ウリエルはこの時間、兵団の訓練に励んでいるはずだ、訓練場に足を運んでみるか。
俺が来たばかりの時は訓練場は一施設のみだったが、分団が開始され現在では三つの施設が別途併設され、四施設で運用されている。
まずは俺がずっと世話になってきた訓練場【騎馬の間】だ。
今でも指導の為に足を運んでいる訓練場であり、馬術・槍術を主に訓練をしているが攻城戦を想定し剣術も指南している。
騎馬兵団は最近まで俺が団長を務めていたが、今回の叙任によりウルグス=プラサートという暑苦しい男に後任を引き継いだ。
そして同施設内で訓練に励んでいたアルバートは槍術兵団団長だったが同じく叙任にあたり、シュバルツ=マッケインという男に引き継いでいる。

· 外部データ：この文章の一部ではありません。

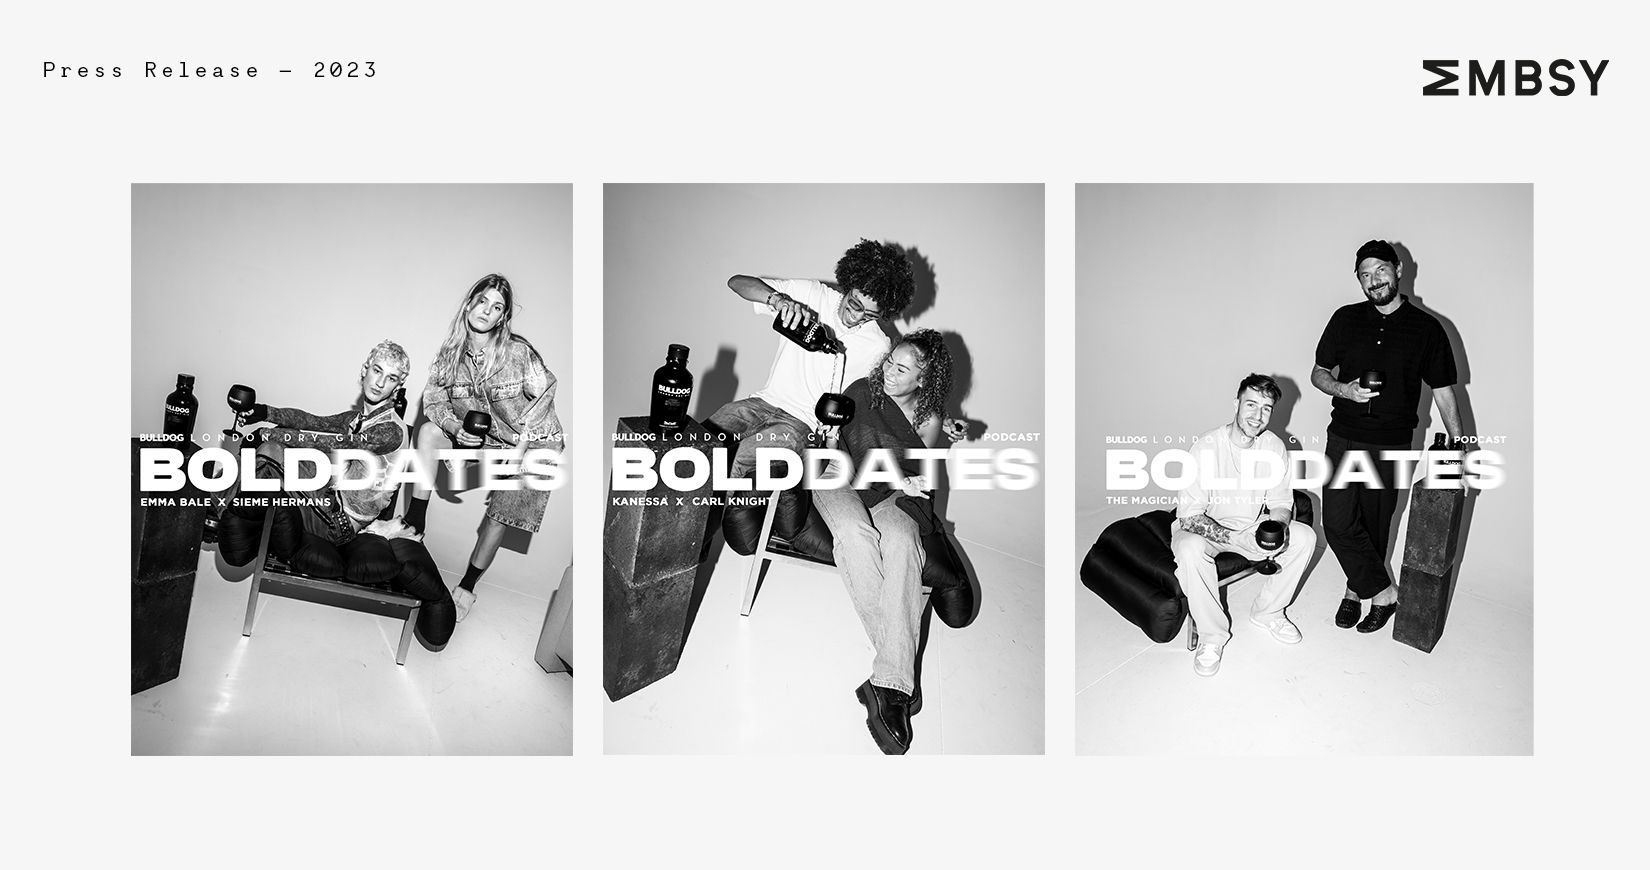 Bulldog Gin lance ‘Bold Dates’ : une série de podcasts réunissant des artistes belges, amenés à partager leur parcours inspirants et audacieux

このシュバルツという男はとても冷静で無口な掴めない男だが、国に忠義を示しているのは間違いない。
何よりアルバートの推薦だ、案外ウルグスの暑苦しさと相まって調度良いのかもな。
そして次、以前に陛下との話で挙がった異常な人事により、急激に団員を増やした兵団の訓練場【剣斧の間】だな。
俺達の騎馬兵団や槍術兵団からかなり引き抜かれており、人事に掛け合っても希望を募った結果だとの回答だったそうだ。
兵団の設立が急場であった為に、身元不確かな傭兵等も採用したとの話もある。
ヒルダ殿下の息が掛かっているとすればこの兵団が一番疑わしい、特に斧術兵団団長のガルバス=ダナはヒルダ殿下が婚姻の際に護衛として連れていた実力者だと聞く。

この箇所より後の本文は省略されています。